#### Exercise requirements:
Restate, word for word and with no pictures, the stretch of lines in the data below that begins at the line with "in Black Lyst" and ends at the line with "Philips Heated Straightening", inclusive.

#### Records to process:
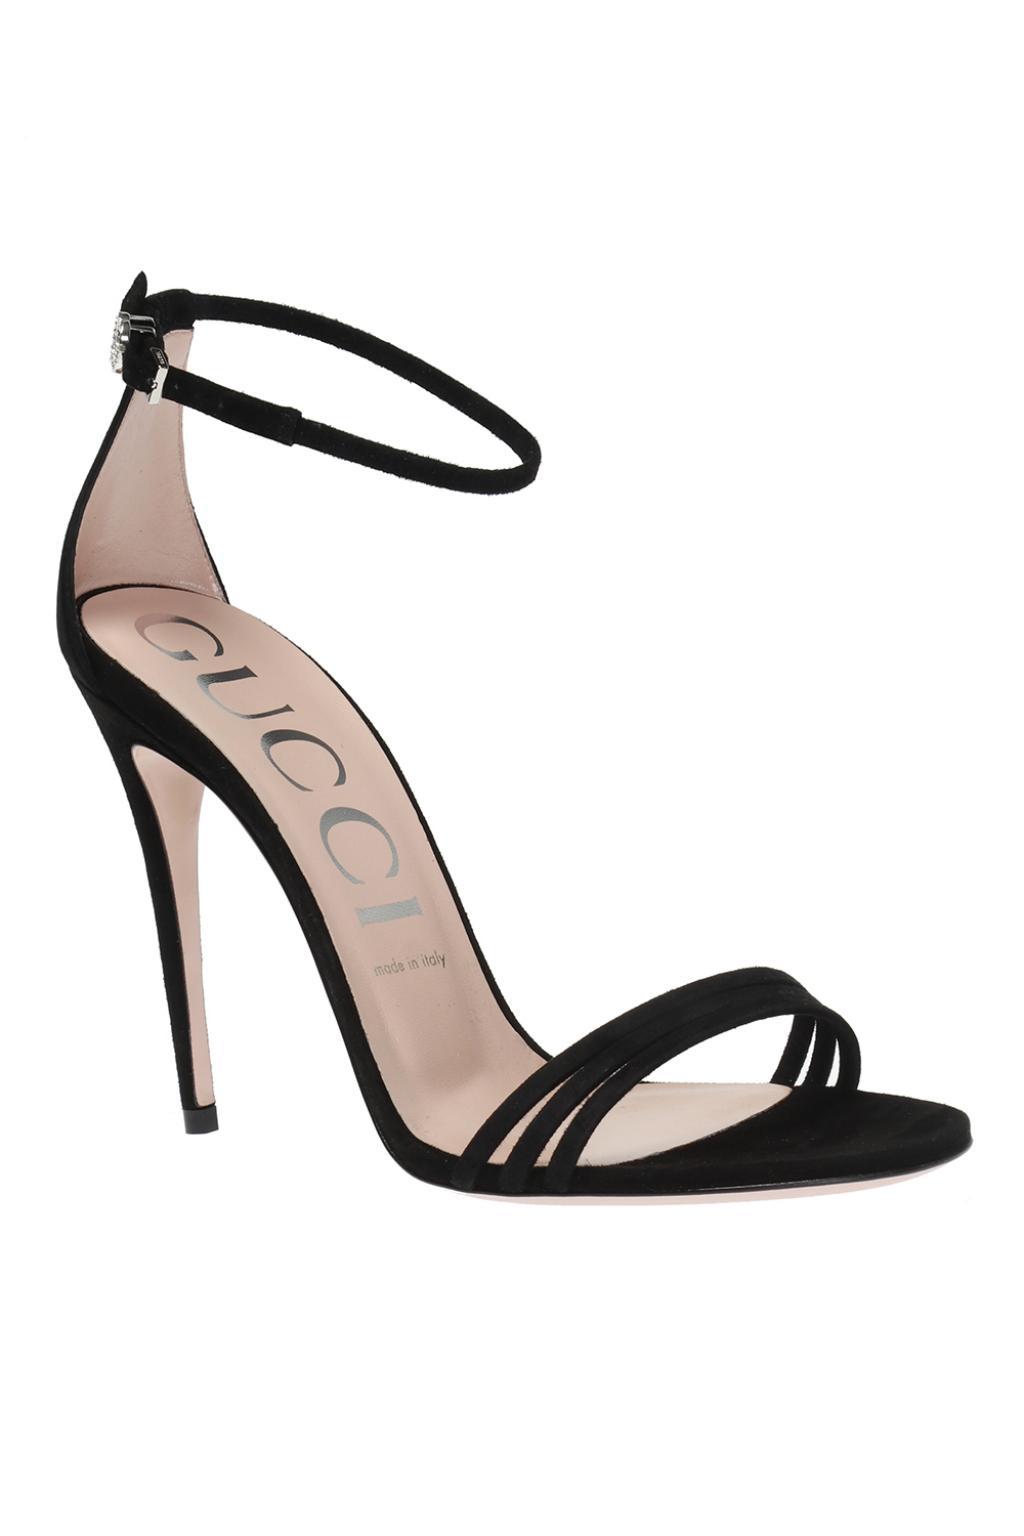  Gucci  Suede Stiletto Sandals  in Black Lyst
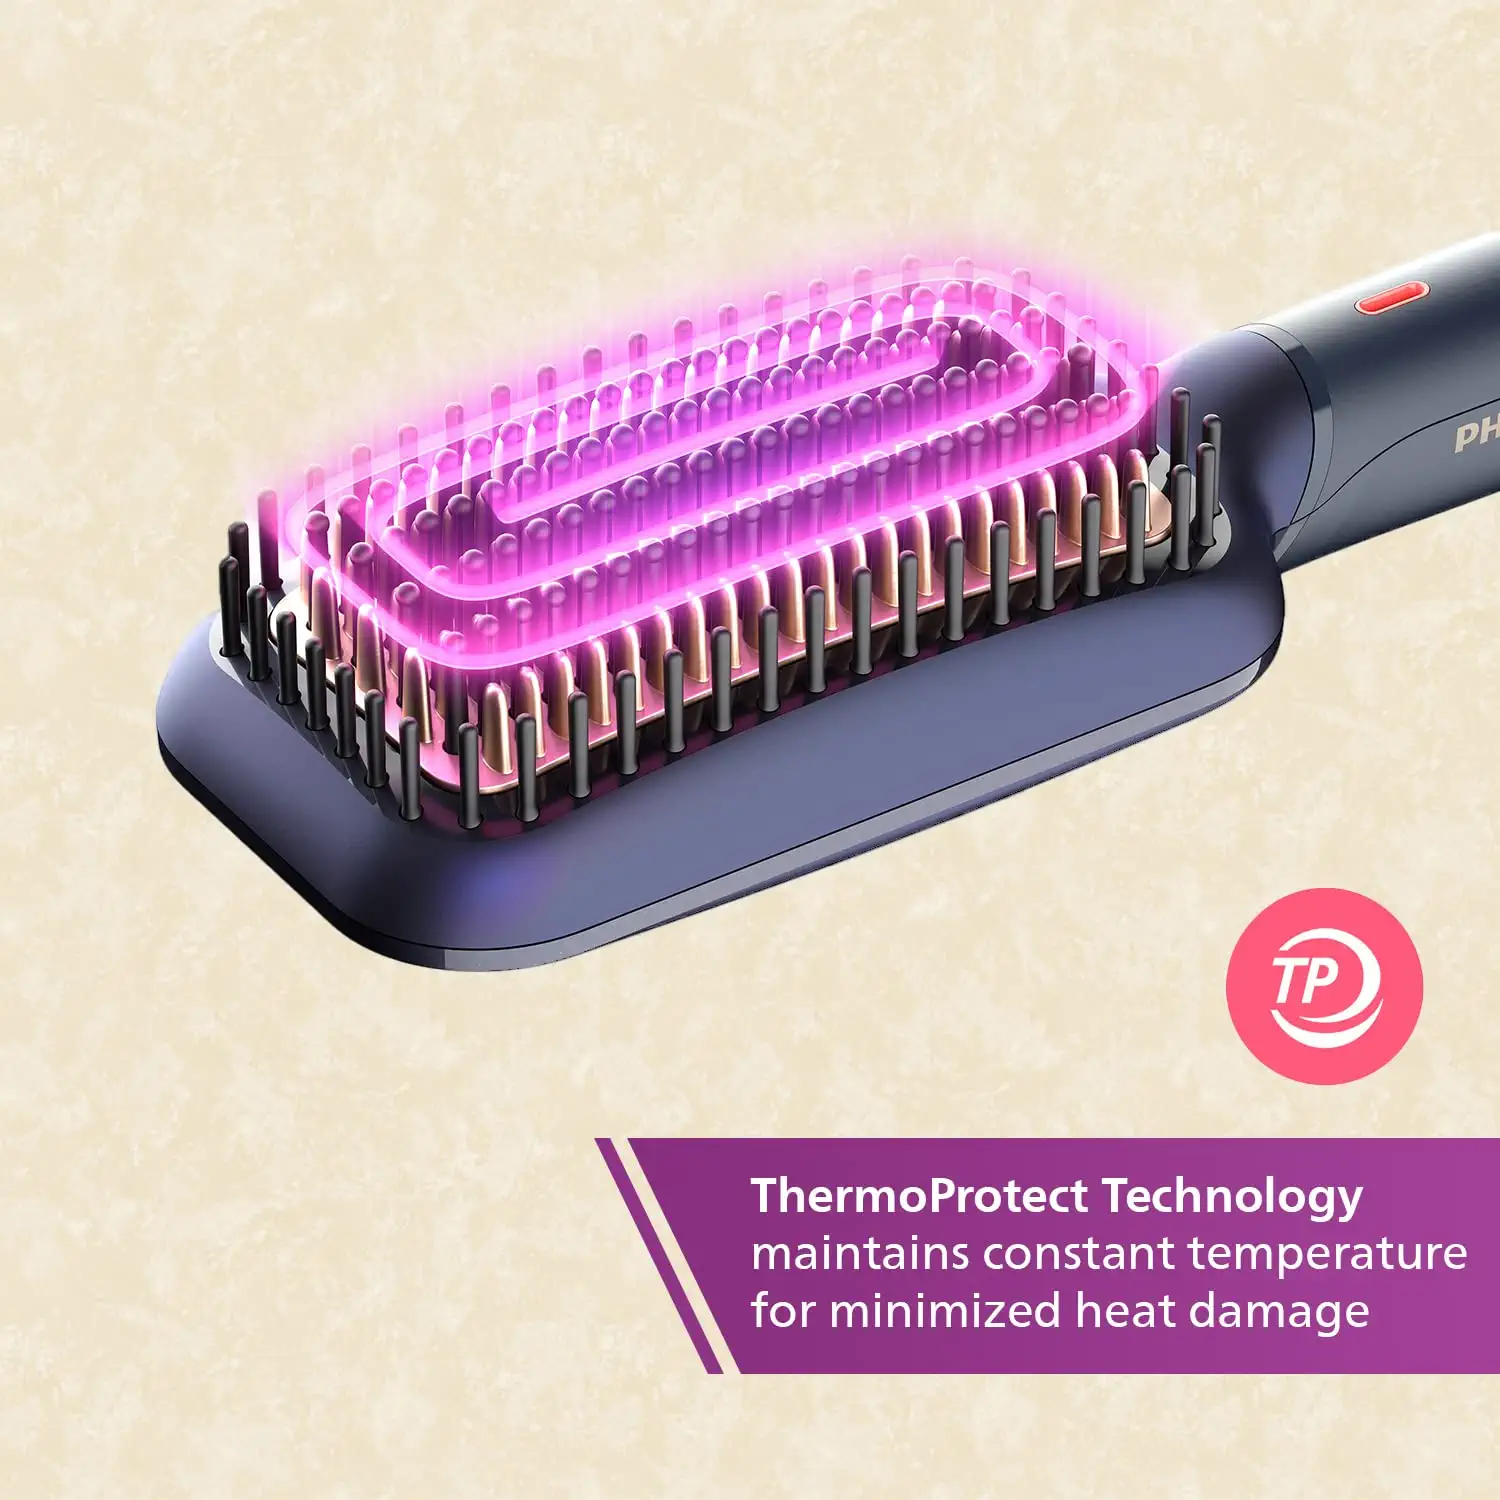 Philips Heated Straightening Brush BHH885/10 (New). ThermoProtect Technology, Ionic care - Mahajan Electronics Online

==

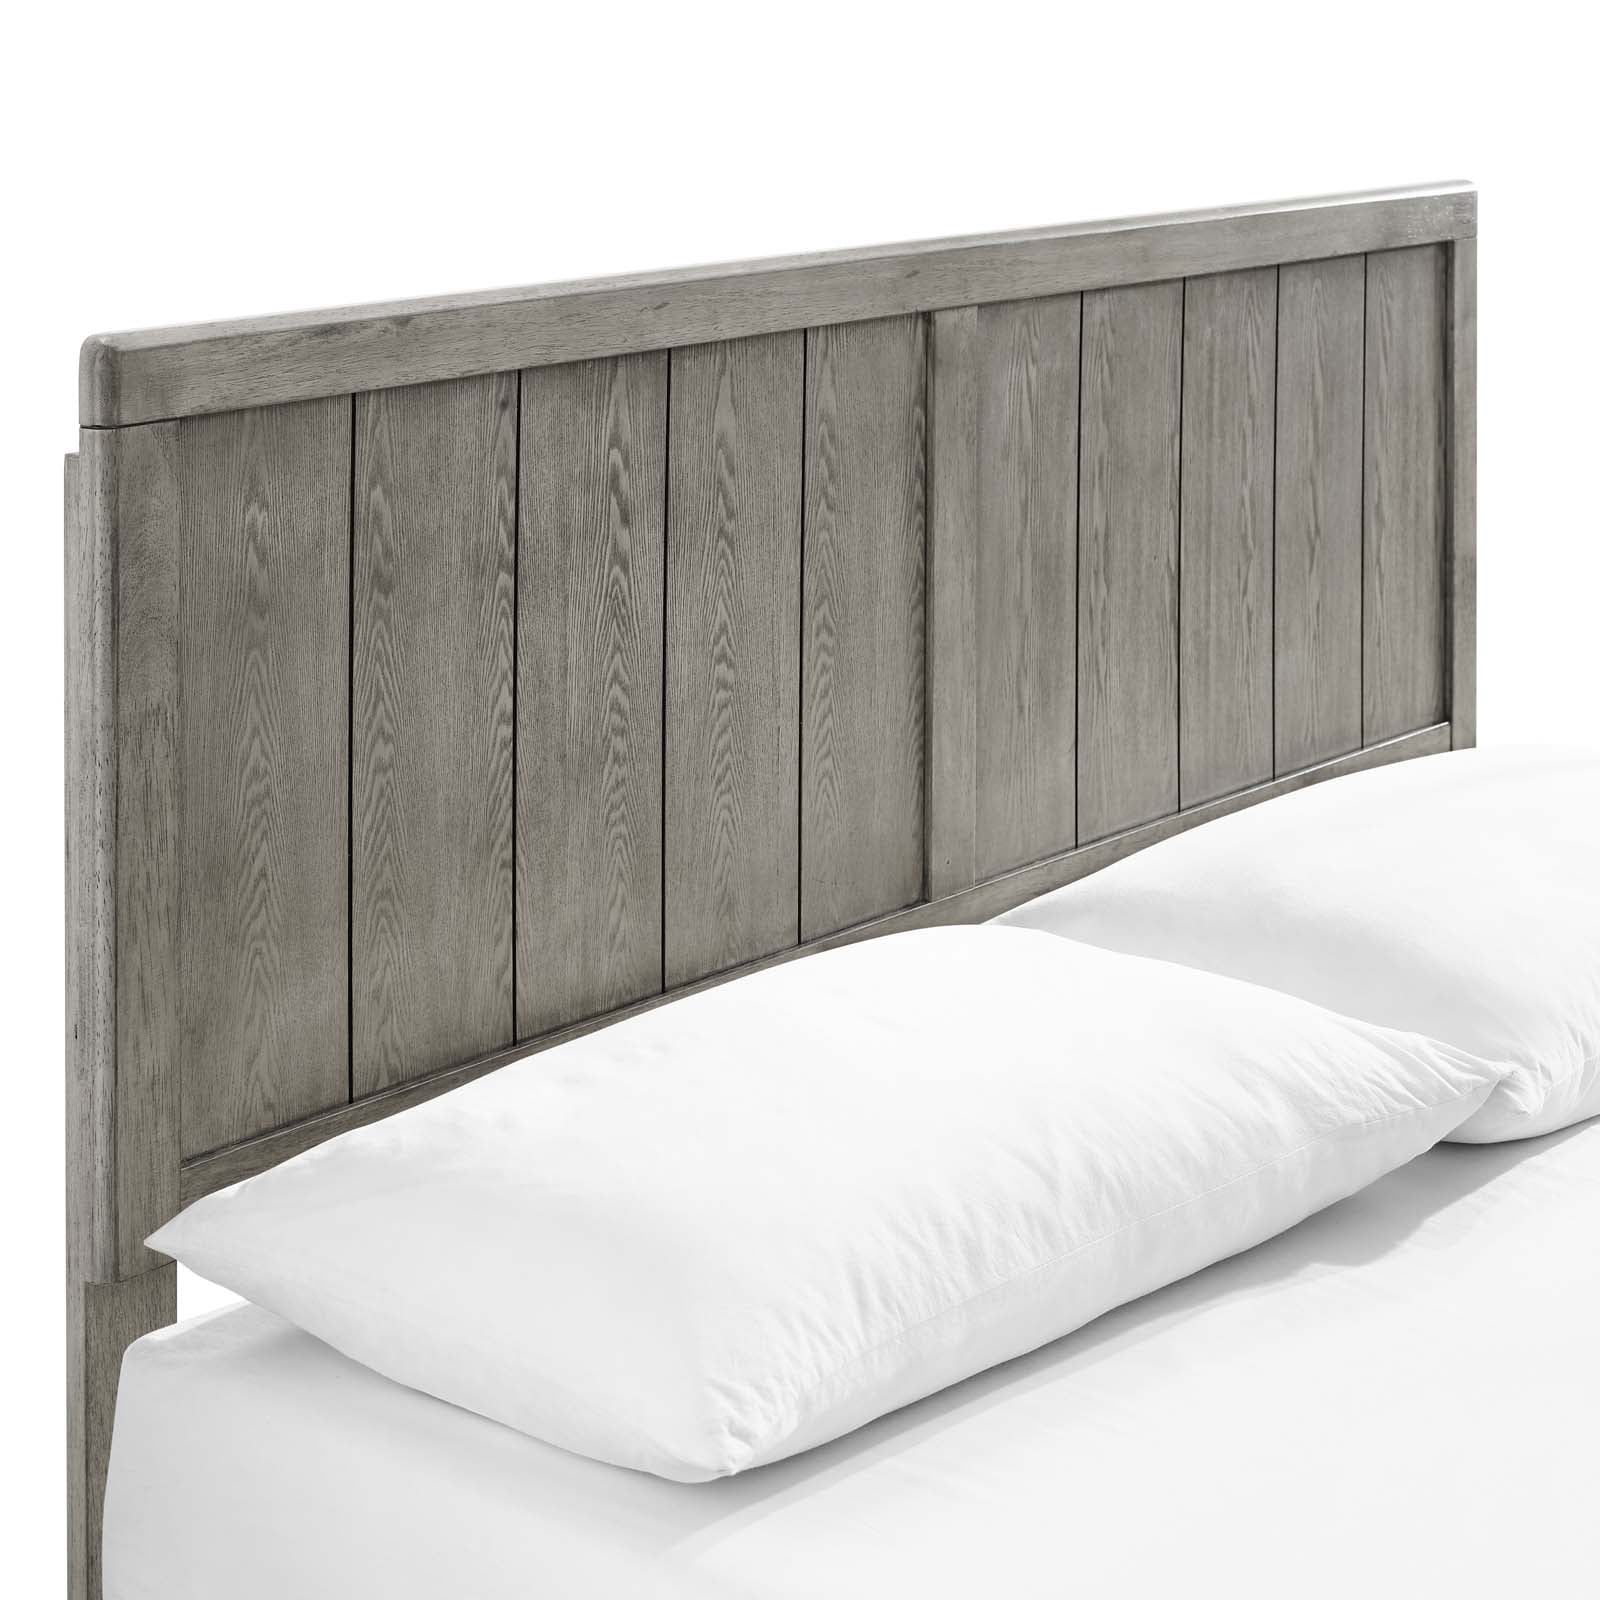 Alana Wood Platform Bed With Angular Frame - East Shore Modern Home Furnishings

#### Worked solution:
  Gucci  Suede Stiletto Sandals  in Black Lyst
 Philips Heated Straightening Brush BHH885/10 (New). ThermoProtect Technology, Ionic care - Mahajan Electronics Online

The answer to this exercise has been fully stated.